(Prompt): Once the images are set aside, output the listing exactly as it stands.

(Dataset content begins)

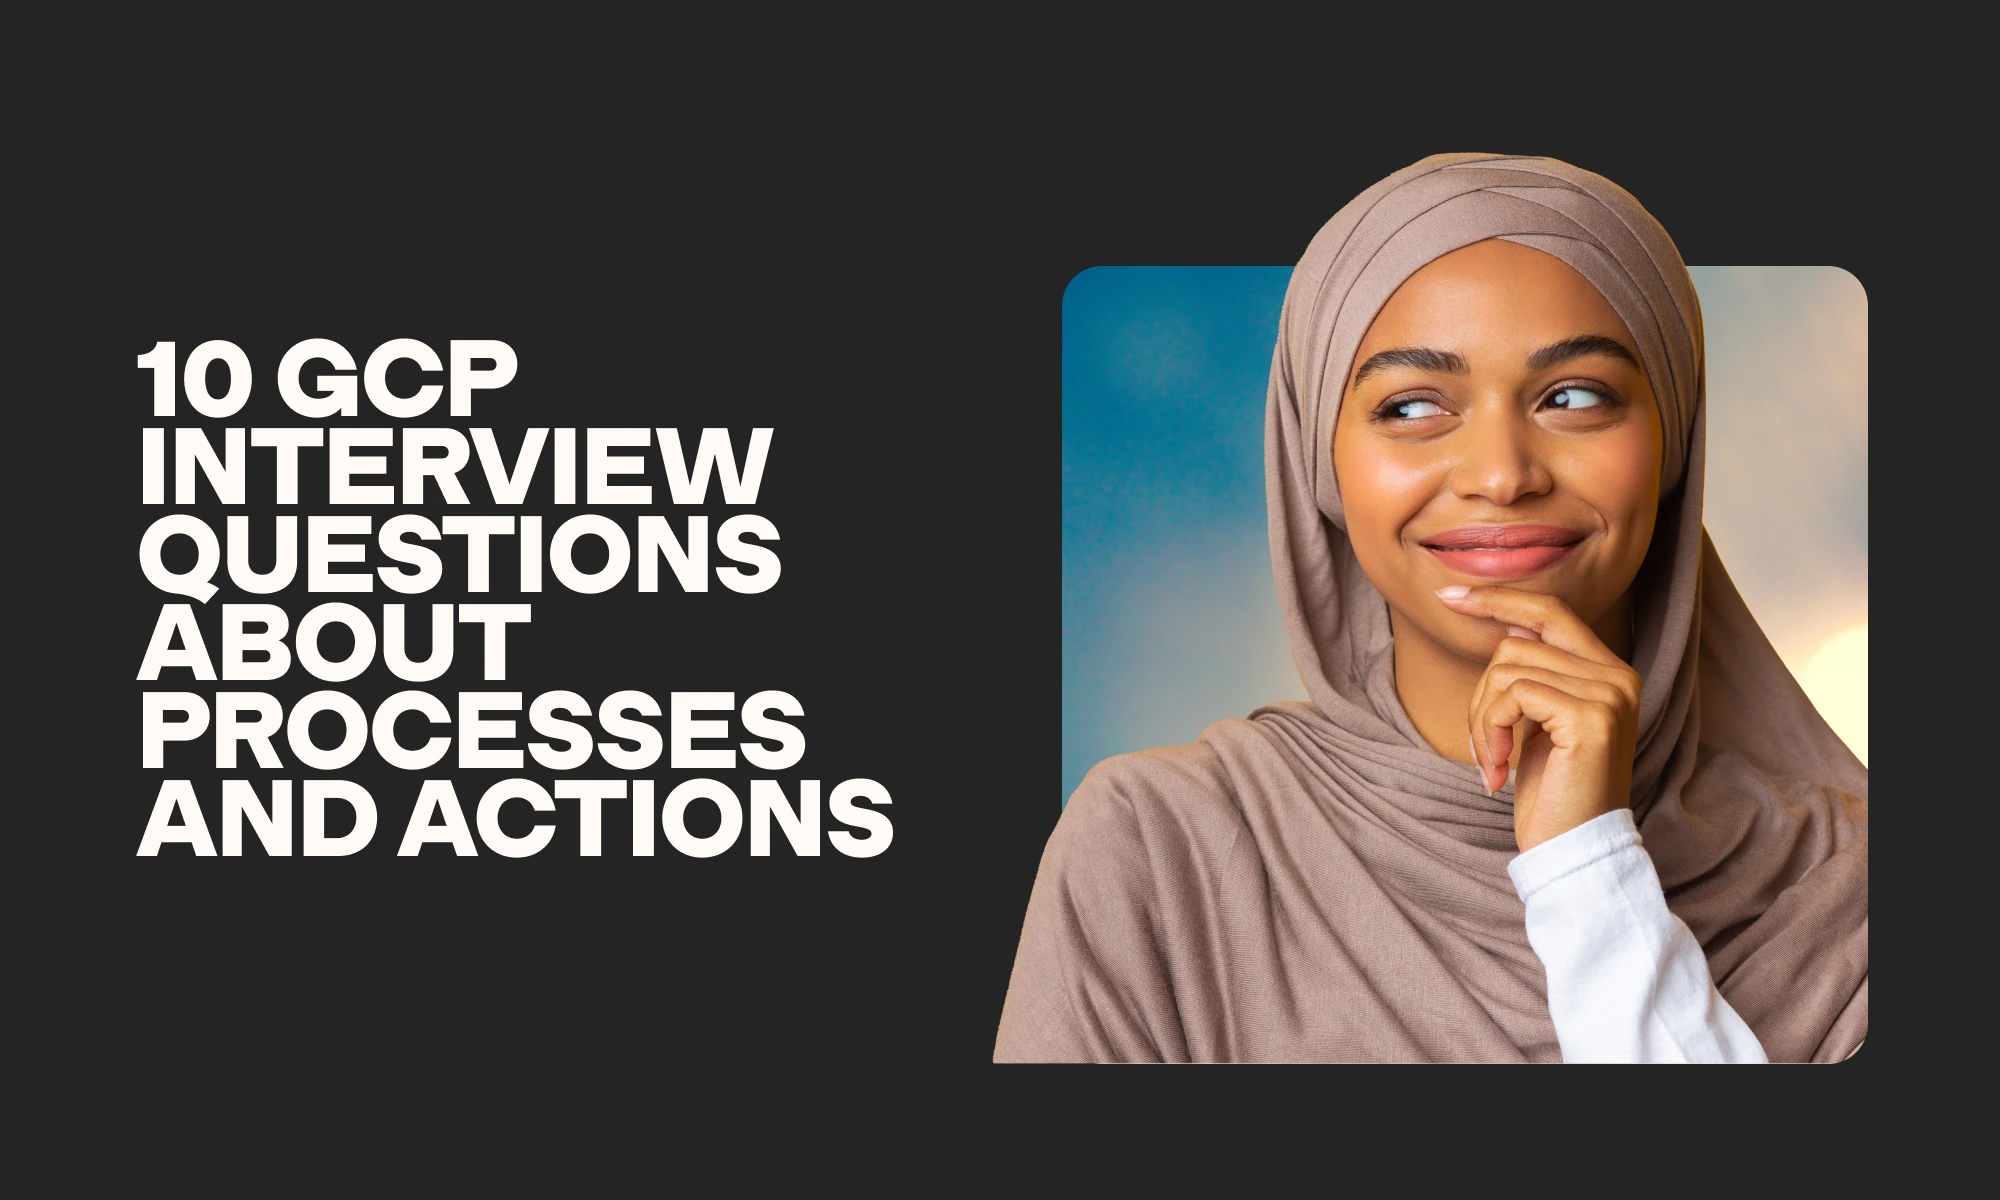 10 GCP interview questions about processes and actions to ask your interviewees 
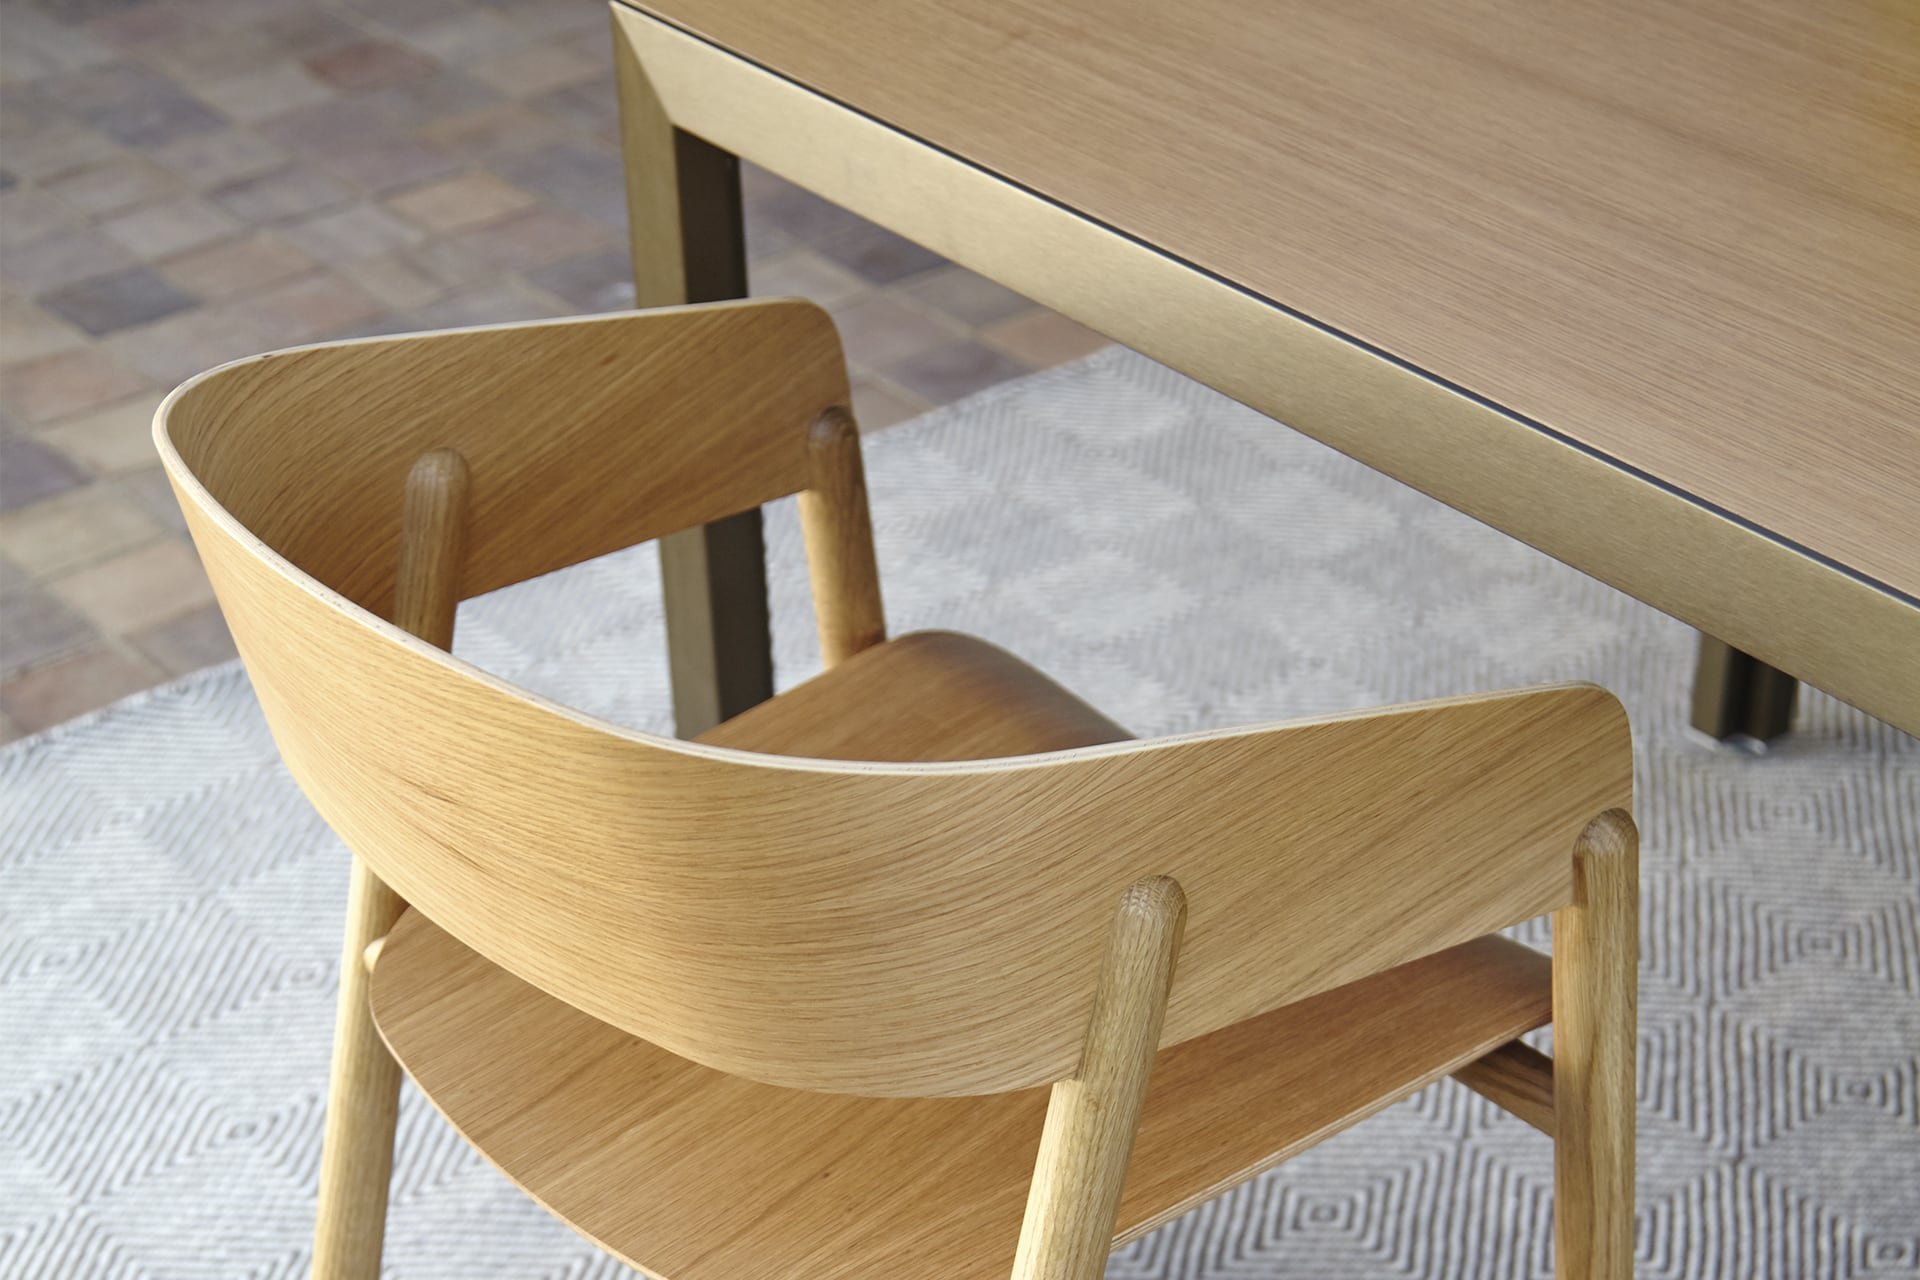 Mava Dining Chair from Punt Mobles, designed by Stephanie Jasny
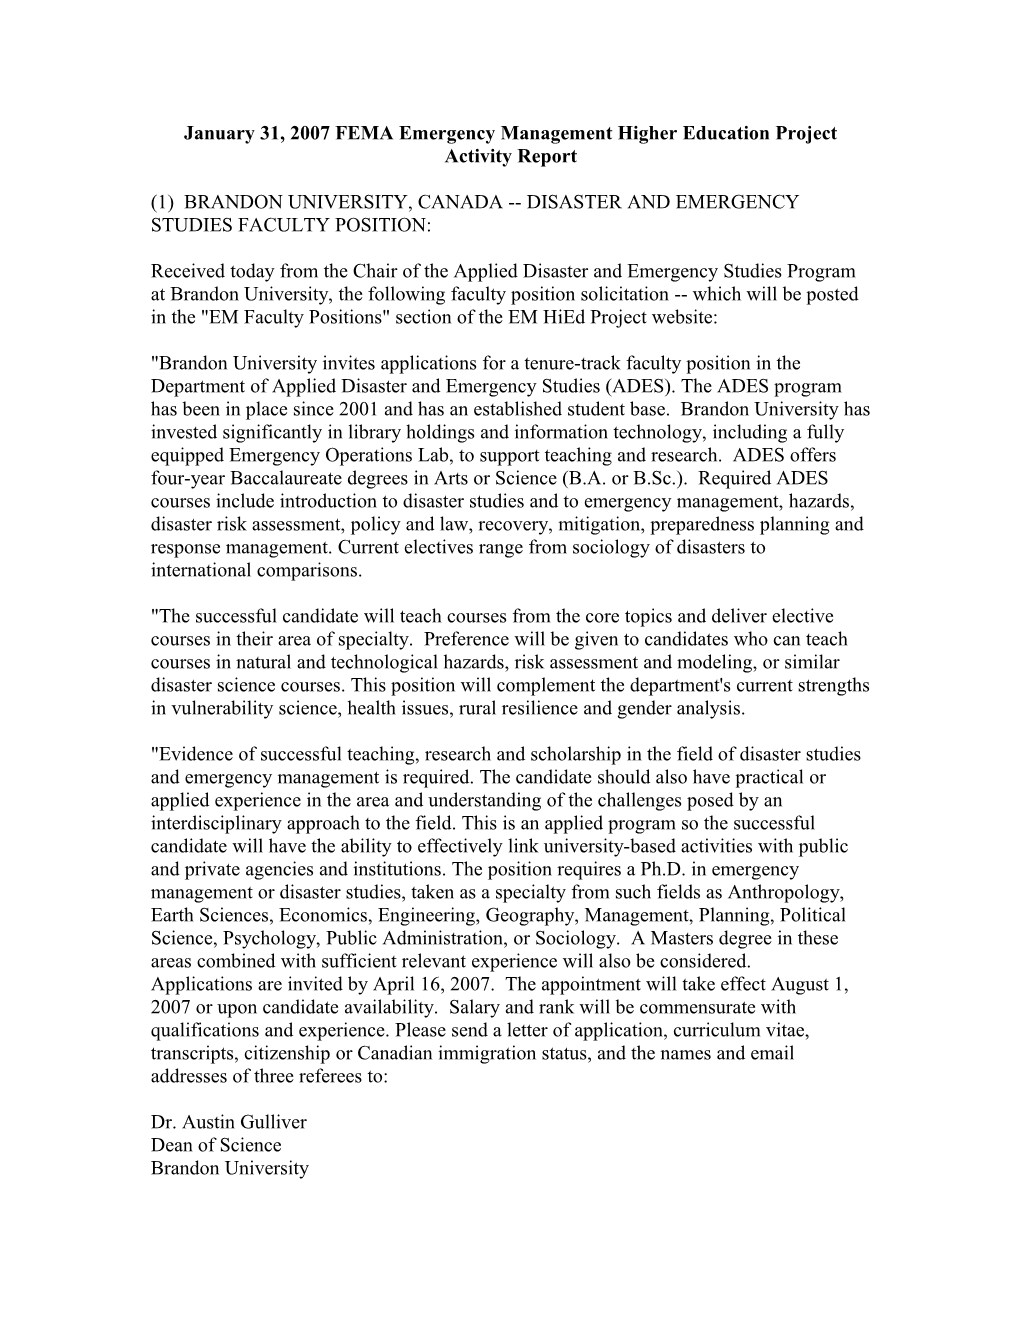 January 31, 2007 FEMA Emergency Management Higher Education Project Activity Report
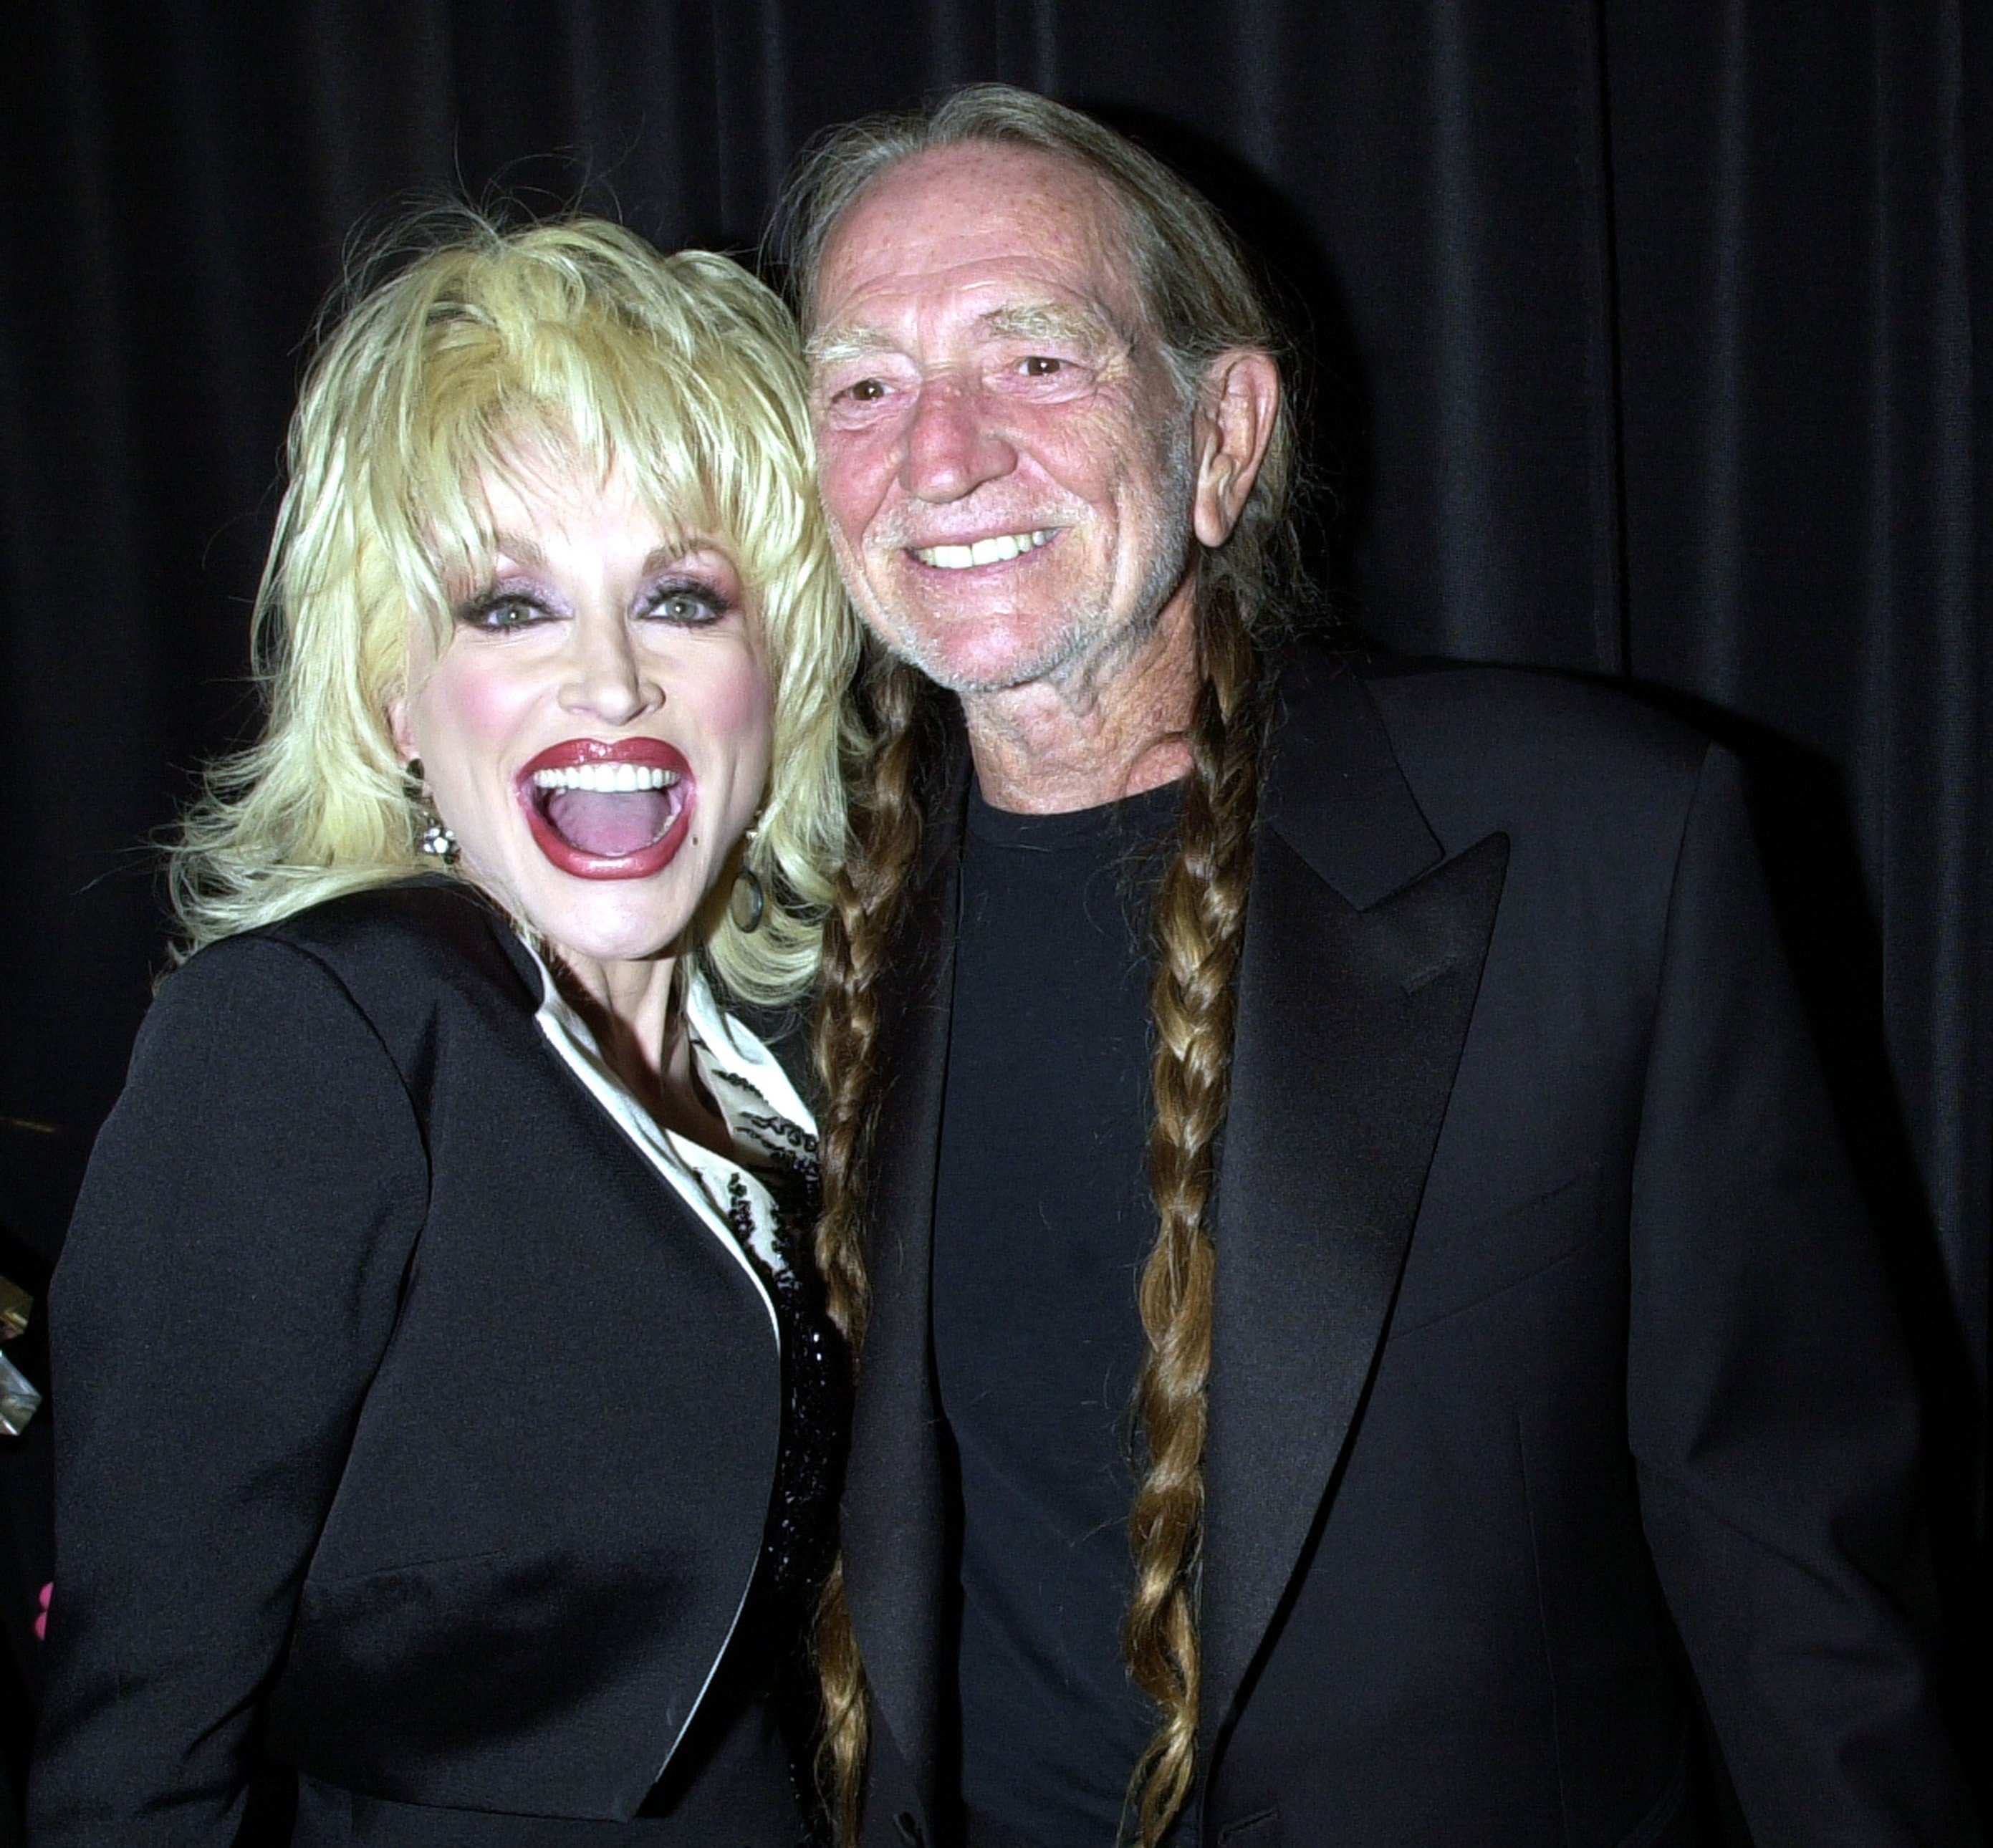 Dolly Parton and Willie Nelson both wear black outfits and stand in front of a black curtain.

(Dataset content ends)

(Task response):
 10 GCP interview questions about processes and actions to ask your interviewees 
 Mava Dining Chair from Punt Mobles, designed by Stephanie Jasny
 January 31, 2007 FEMA Emergency Management Higher Education Project Activity Report
 Dolly Parton and Willie Nelson both wear black outfits and stand in front of a black curtain.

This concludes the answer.